I am totally stumped, and hope that someone can point me in the right direction.

Imagine that there are 70 applicants for a job. Four committee members independently create a top-ten list from the applicant pool.

I believe there are 70! / (70 - 10)! possible lists. But what I am stumped by is the question of the probability of there being differing amounts of overlap between the lists, assuming that they were created randomly.

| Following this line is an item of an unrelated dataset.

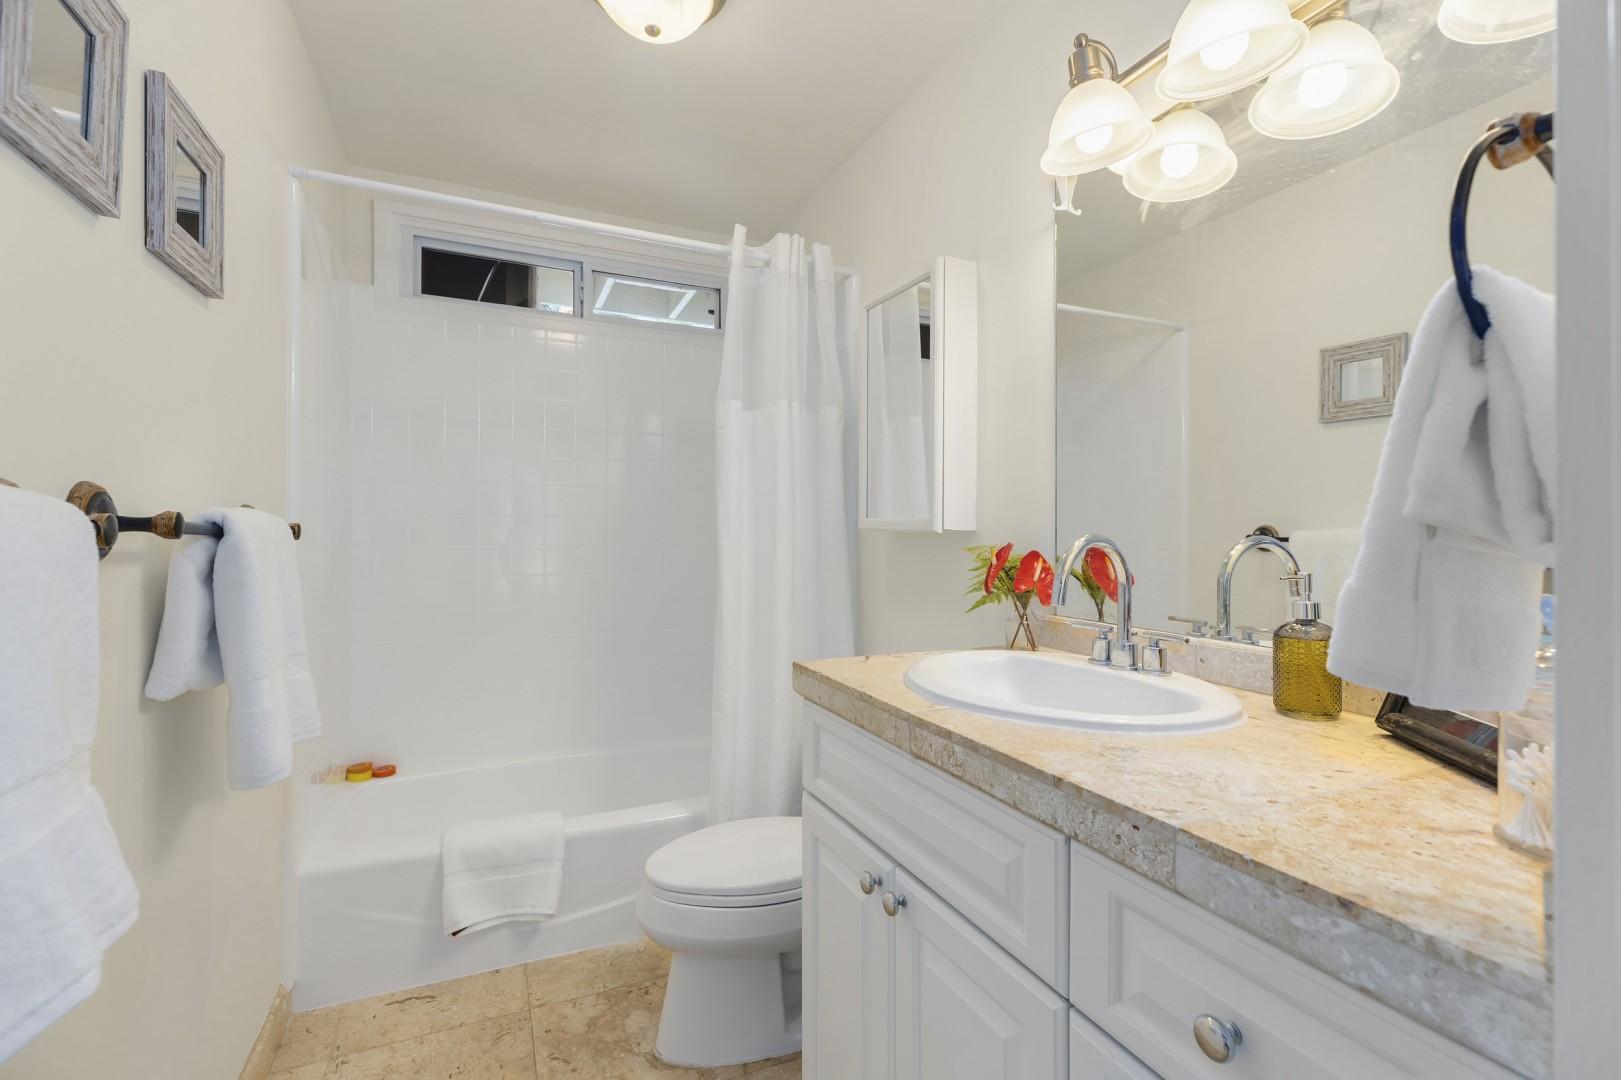 Downstairs Shared Hallway Bathroom

For example, what is the probability that only one of the 70 applicants will appear on all fours lists, assuming they were created independently and randomly? Or what is the probability that no applicants will appear on all four lists (independently and randomly created)? I've been drawing multinomial trees all morning for scaled-down versions of this situation to see if I can generate a solution that I can scale up, but to no avail. So I'm hoping that someone out there can either solve this for me or at least point me in the right direction.

Thank you!
 
Imagine that there are 70 applicants for a job. Four committee members independently create a top-ten list from the applicant pool.

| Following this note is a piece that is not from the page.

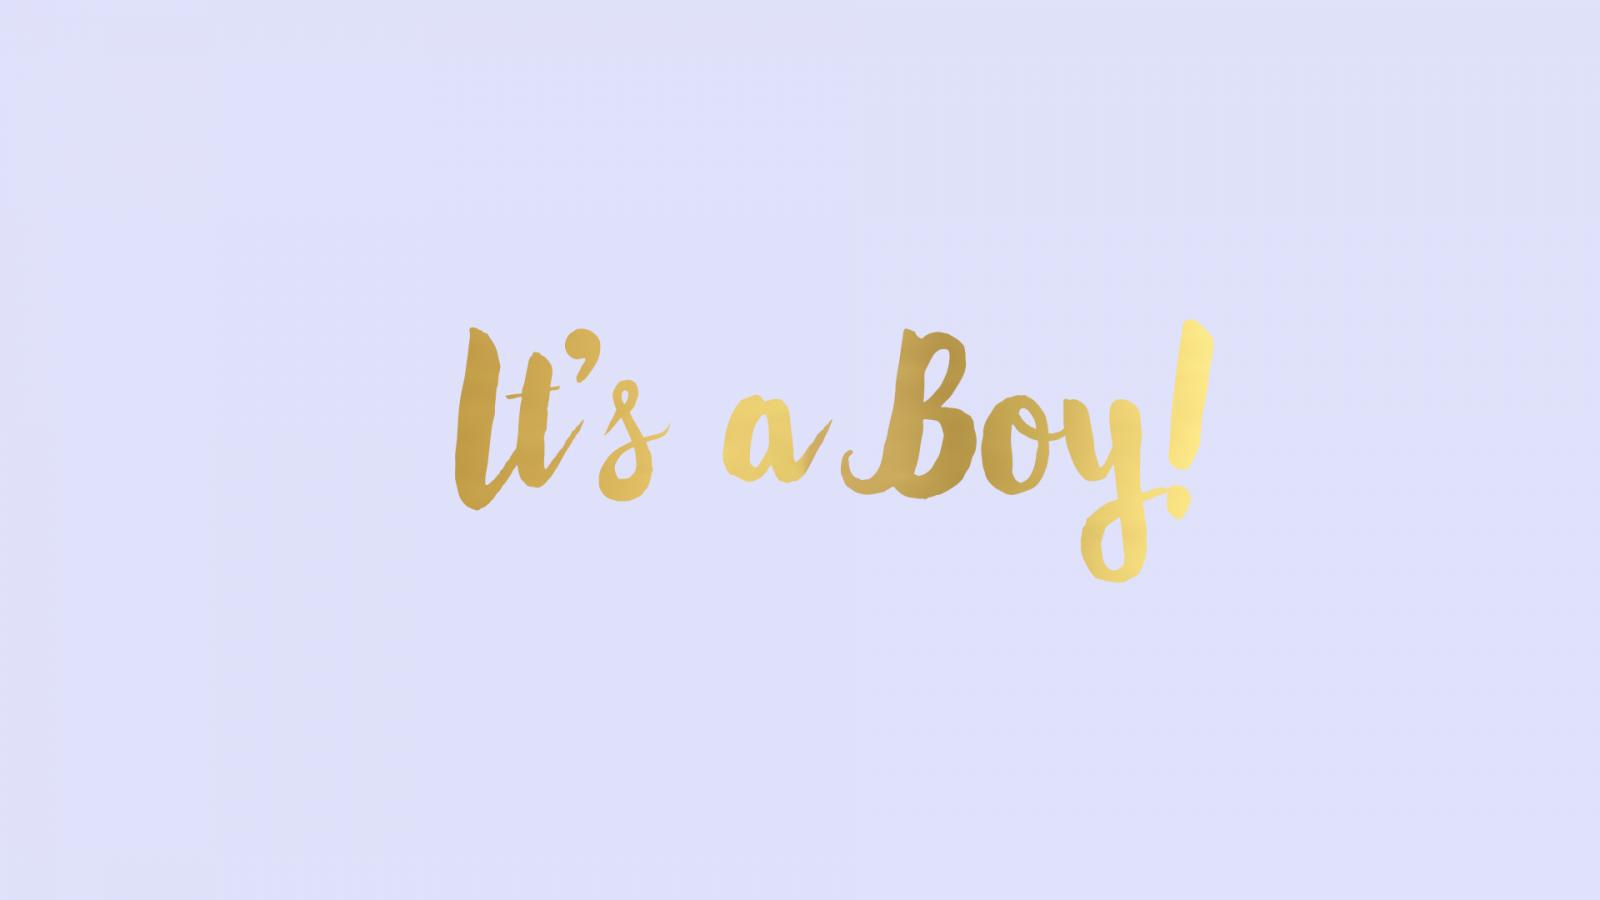 Free Download Its A Girl Boy Wallpaper Download 1920x1080

I believe there are 70! / (70 - 10)! possible lists. But what I am stumped by is the question of the probability of there being differing amounts of overlap between the lists, assuming that they were created randomly.

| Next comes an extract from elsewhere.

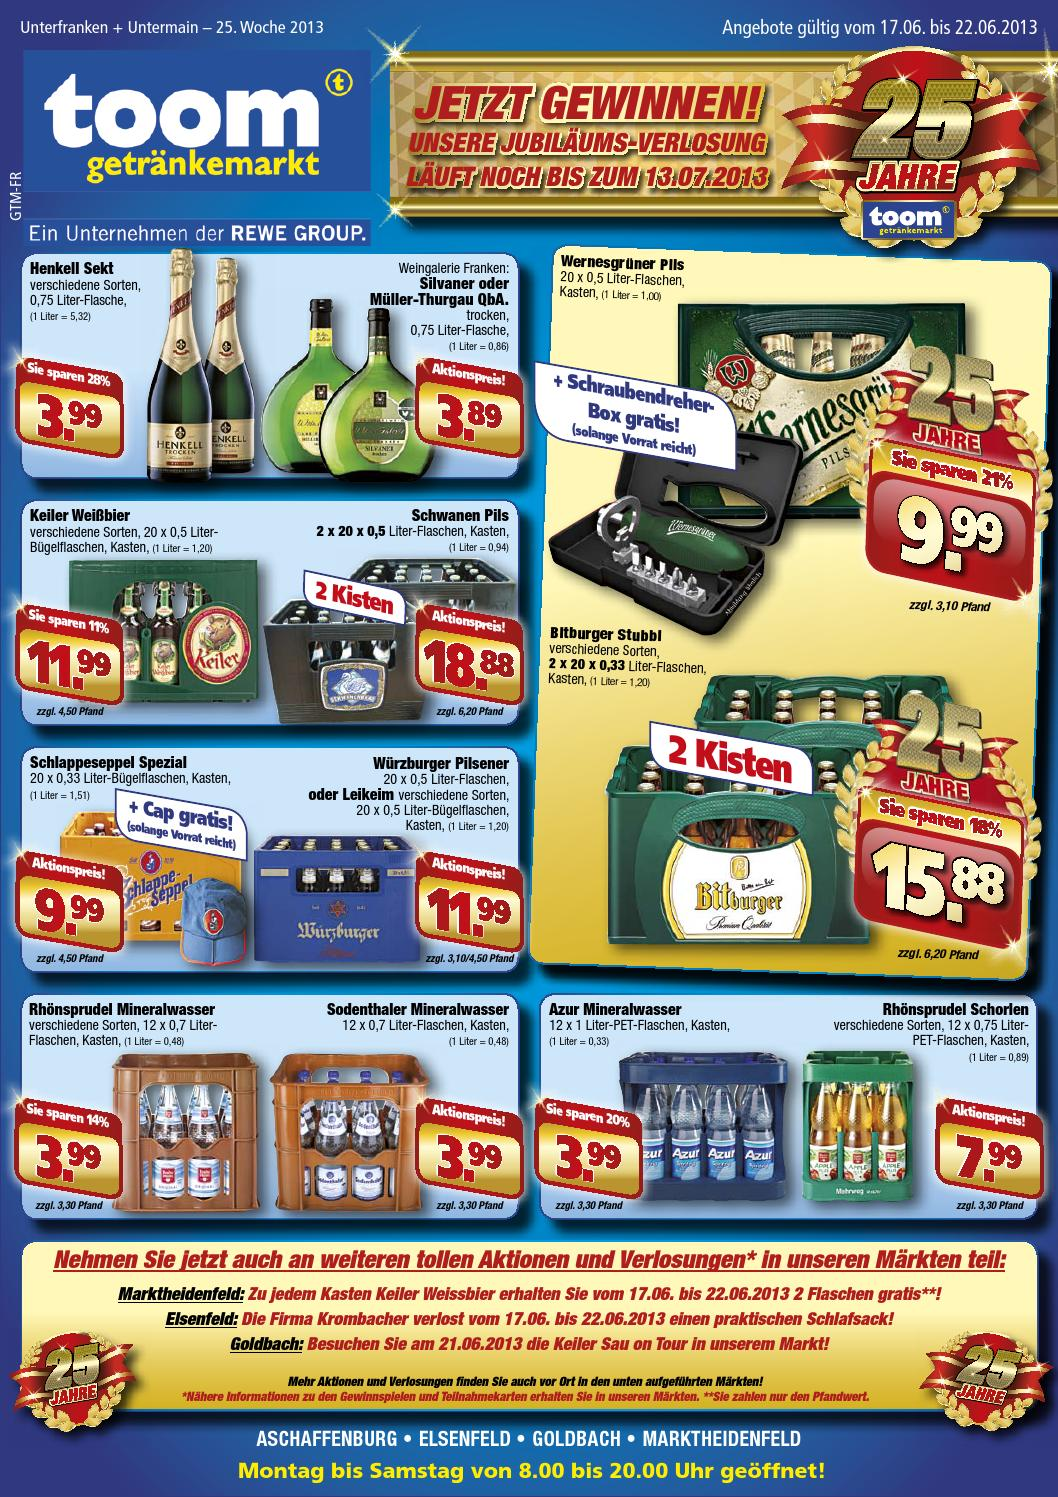 Toom Getränkemarkt Katalog gültig bis 22/06 by broshuri - issuu

For example, what is the probability that only one of the 70 applicants will appear on all fours lists, assuming they were created independently and randomly? Or what is the probability that no applicants will appear on all four lists (independently and randomly created)? I've been drawing multinomial trees all morning for scaled-down versions of this situation to see if I can generate a solution that I can scale up, but to no avail. So I'm hoping that someone out there can either solve this for me or at least point me in the right direction.
I would need to know the exact question to be really confident of an answer.

However as written, it does not say that the committee members were to 'rank' each applicant, only make a list of the top ten.
So that makes this a combination as opposed to a permutation.
If that is correct then there are \(\displaystyle \dfrac{70!}{(10!)^4(30!)}\) ways to make four disjoint lists.
Whereas there are \(\displaystyle \left( {\frac{{70!}}{{10! \cdot 60!}}} \right)^4 \) to make four lists.

AGAIN! these are not ordered list, just content lists.
 
Thank you!

The top-ten lists would be ranked, but even this answer to the unranked version of the question gives me some insight into how to solve the problem.

I would need to know the exact question to be really confident of an answer.

However as written, it does not say that the committee members were to 'rank' each applicant, only make a list of the top ten.
So that makes this a combination as opposed to a permutation.
If that is correct then there are \(\displaystyle \dfrac{70!}{(10!)^4(30!)}\) ways to make four disjoint lists.
Whereas there are \(\displaystyle \left( {\frac{{70!}}{{10! \cdot 60!}}} \right)^4 \) to make four lists.

AGAIN! these are not ordered list, just content lists.
 
The top-ten lists would be ranked, but even this answer to the unranked version of the question gives me some insight into how to solve the problem.
But do you not see that it makes no difference.
If the question is "What if the same person is at the top of each list?" is quite different from the question "What if the same person is on the each of the lists?"

Thus you must post the exact wording of the question.
Otherwise, there is no exact solution.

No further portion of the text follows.